» **Task requirements**:
When you reproduce the data, keep every word exactly as it stands and leave the pictures out.

» **Supplied information**:
------------------------------------

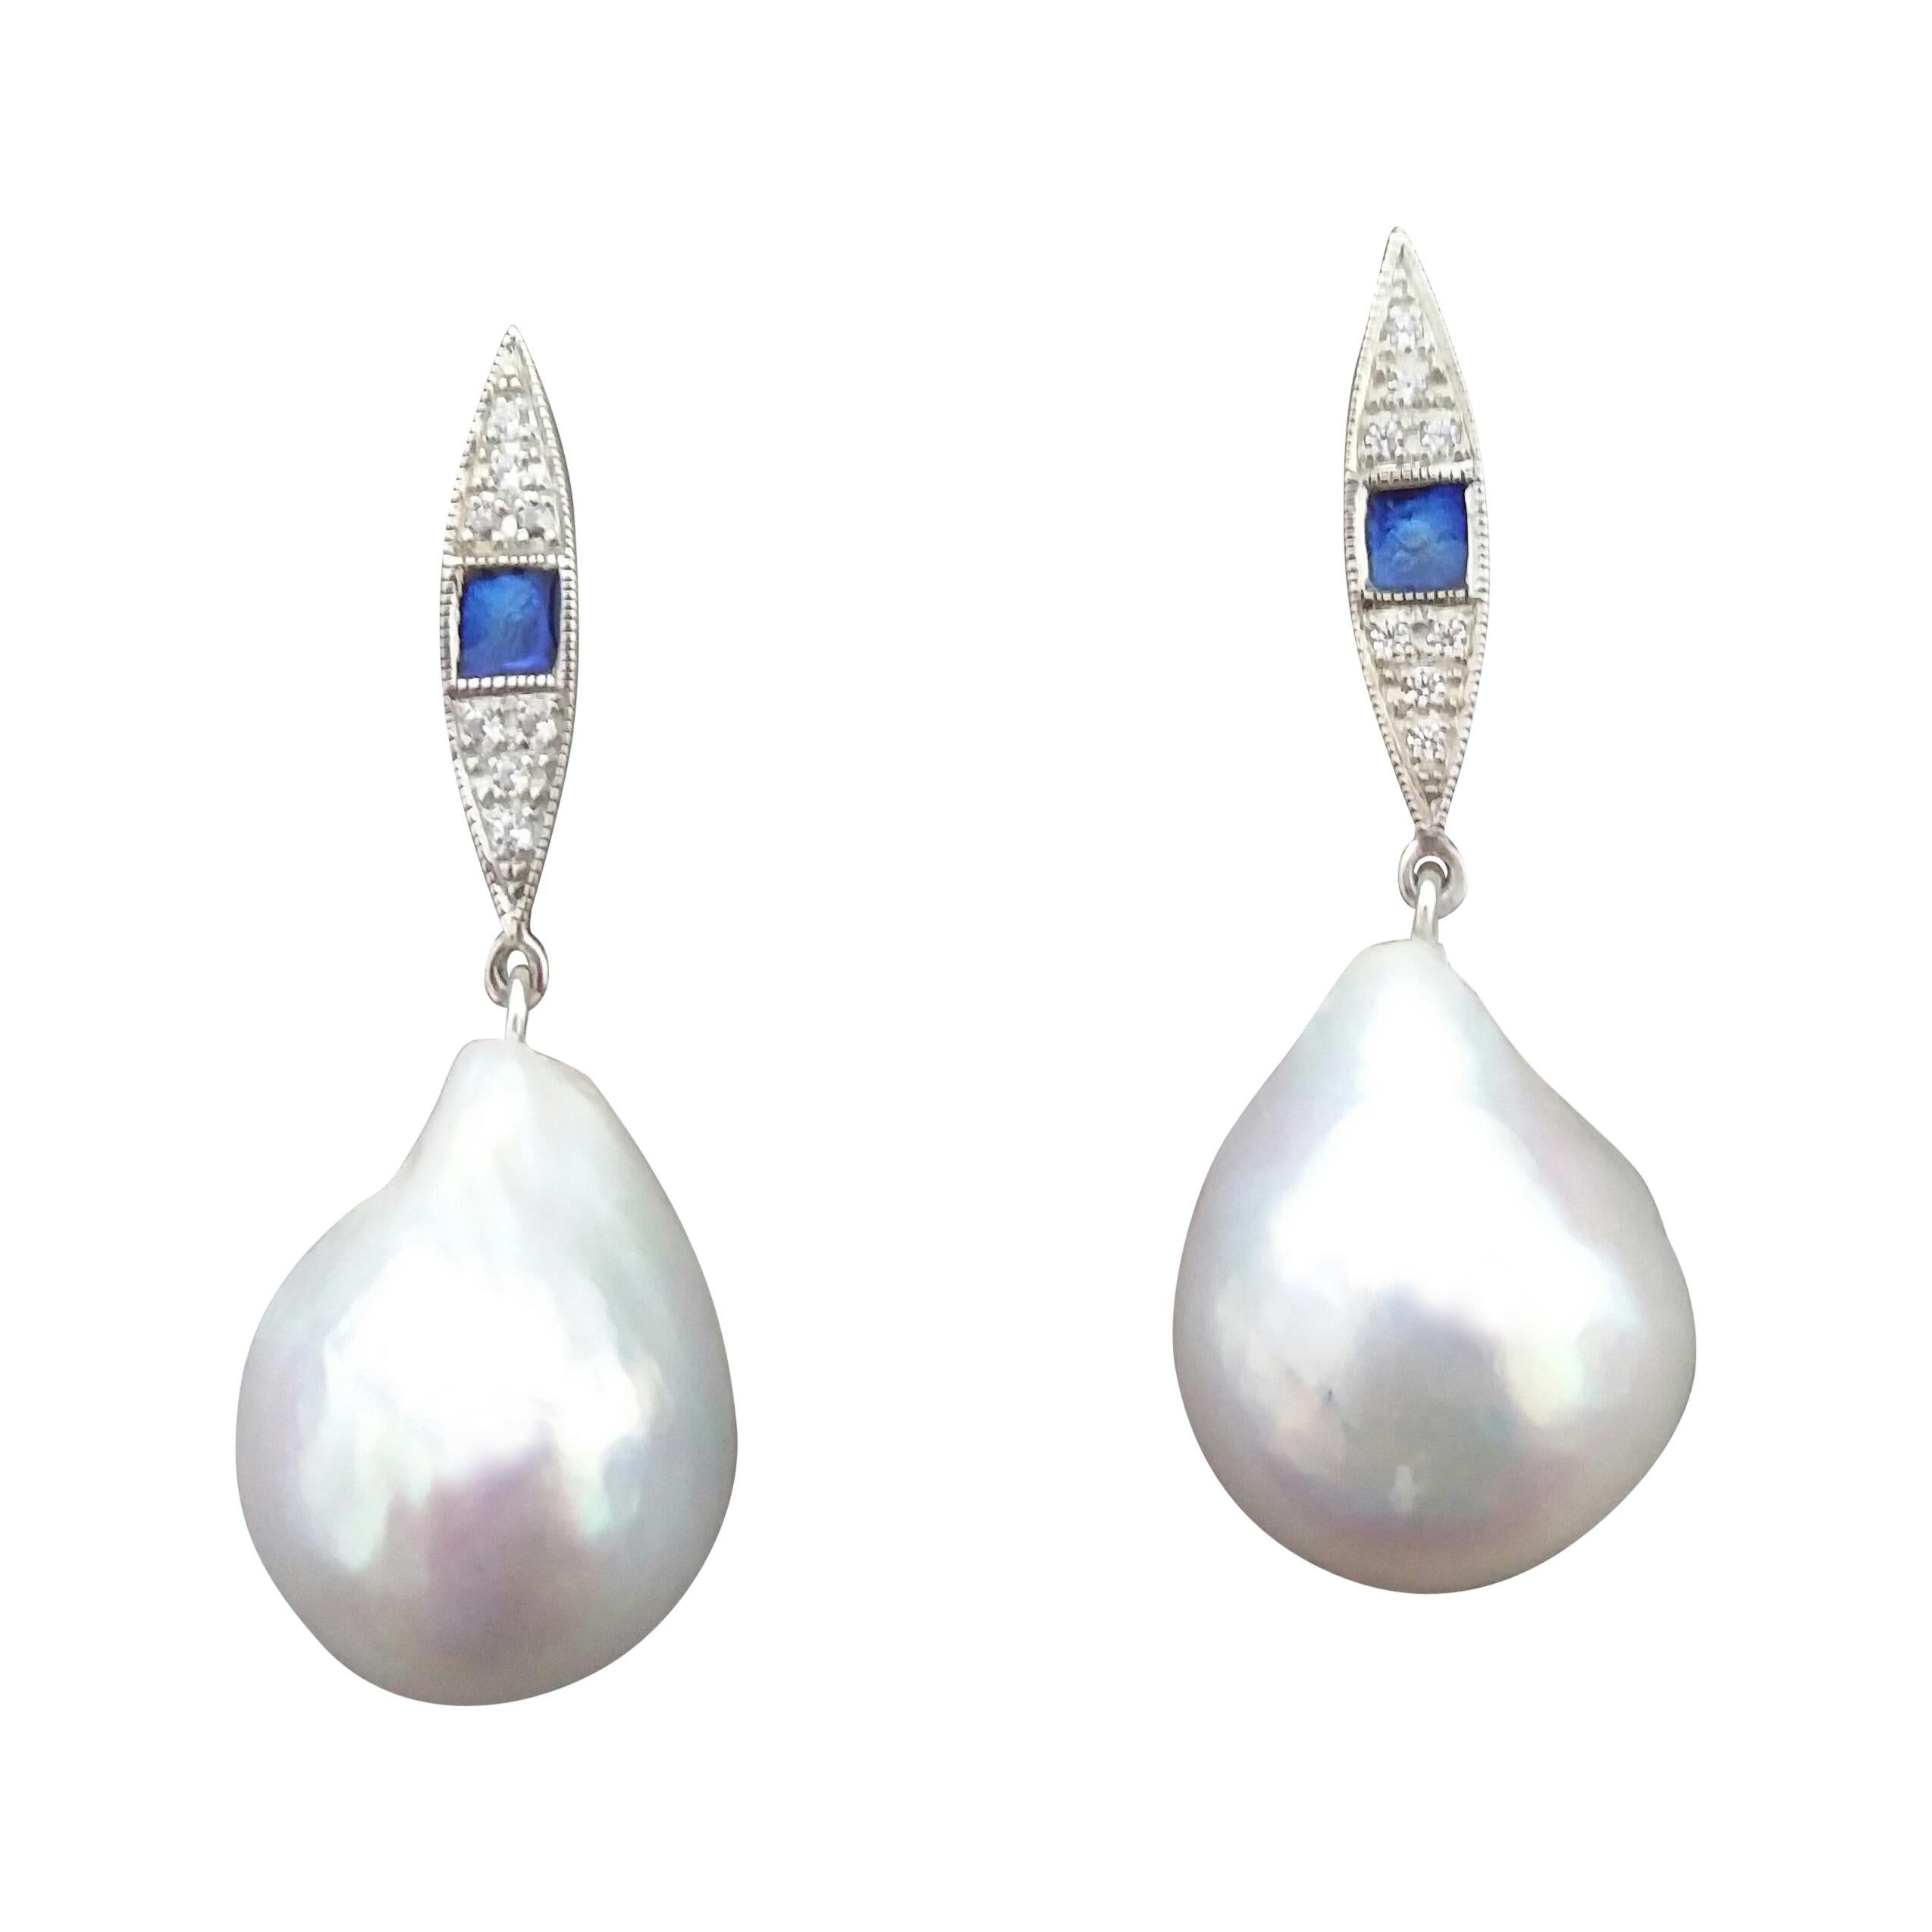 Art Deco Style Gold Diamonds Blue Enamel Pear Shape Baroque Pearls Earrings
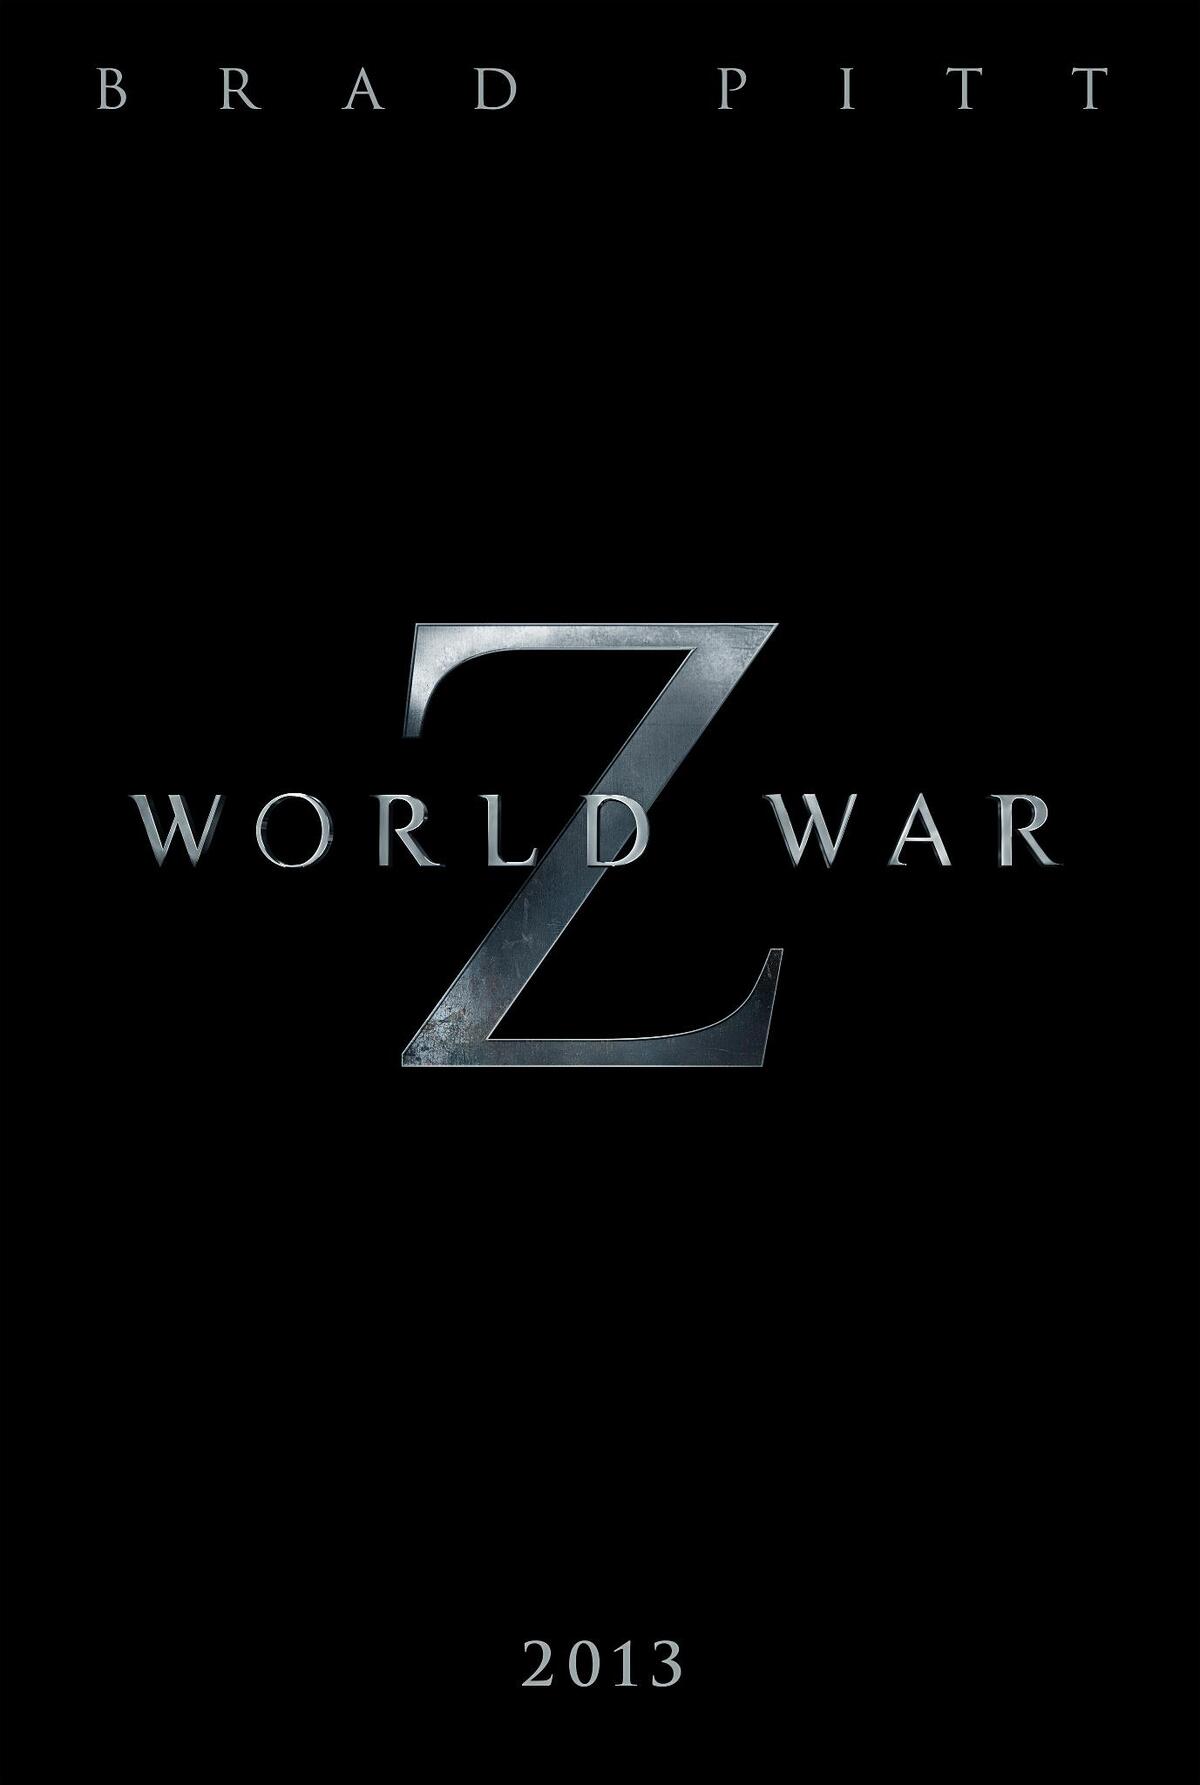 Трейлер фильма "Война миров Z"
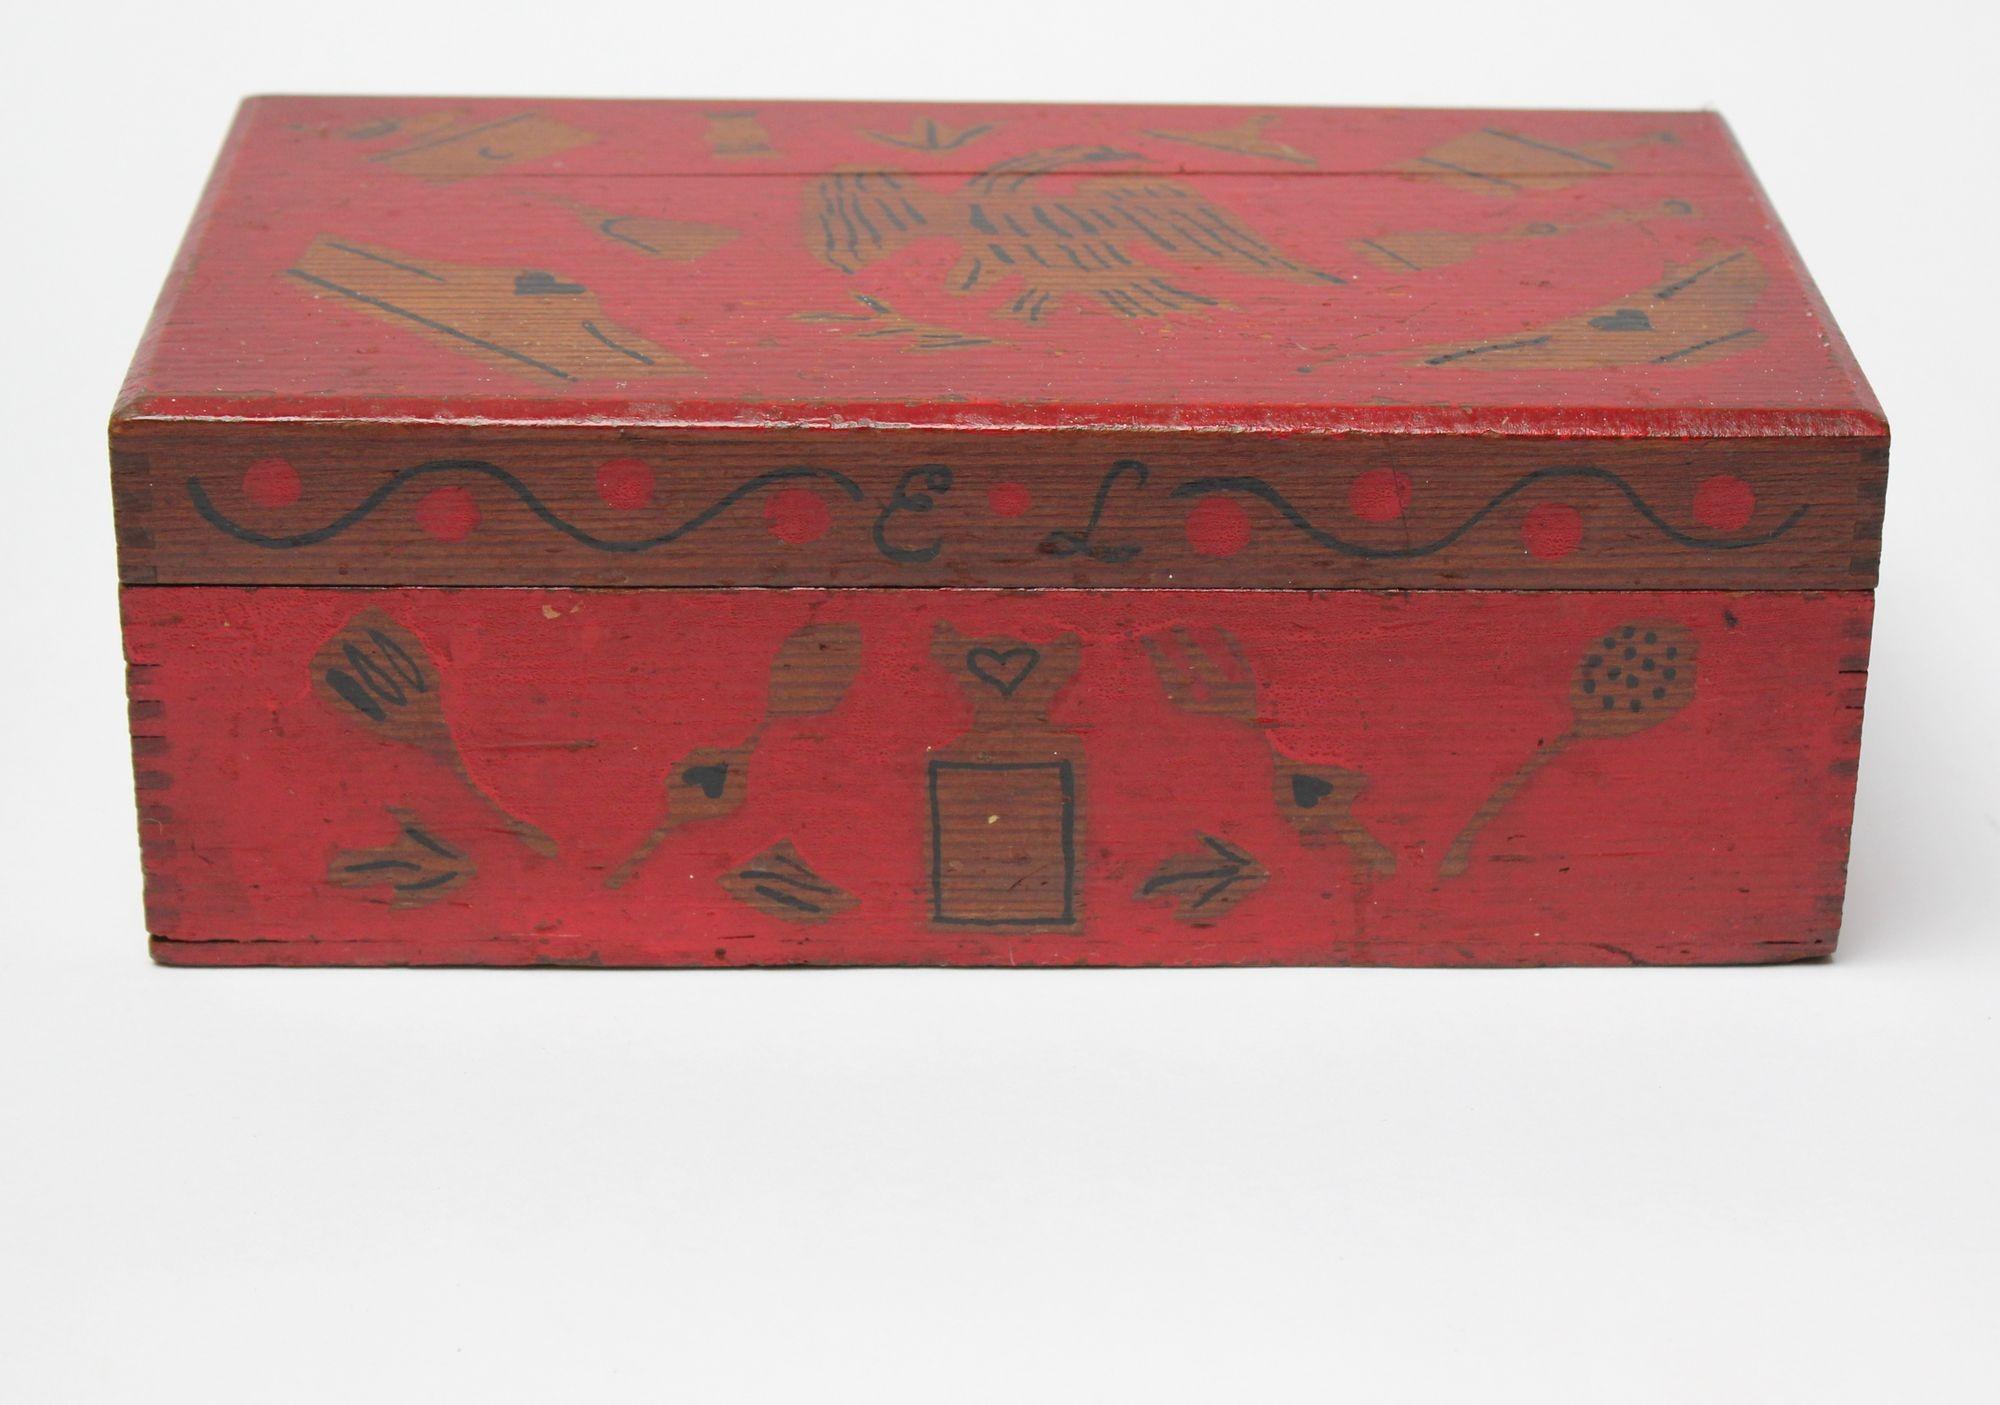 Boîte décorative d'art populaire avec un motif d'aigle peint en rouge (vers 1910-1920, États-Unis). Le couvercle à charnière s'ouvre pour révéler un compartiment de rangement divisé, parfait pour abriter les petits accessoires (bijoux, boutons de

------------------------------------

» **Output of the task**:
 Art Deco Style Gold Diamonds Blue Enamel Pear Shape Baroque Pearls Earrings
 Трейлер фильма "Война миров Z"
 Boîte décorative d'art populaire avec un motif d'aigle peint en rouge (vers 1910-1920, États-Unis). Le couvercle à charnière s'ouvre pour révéler un compartiment de rangement divisé, parfait pour abriter les petits accessoires (bijoux, boutons de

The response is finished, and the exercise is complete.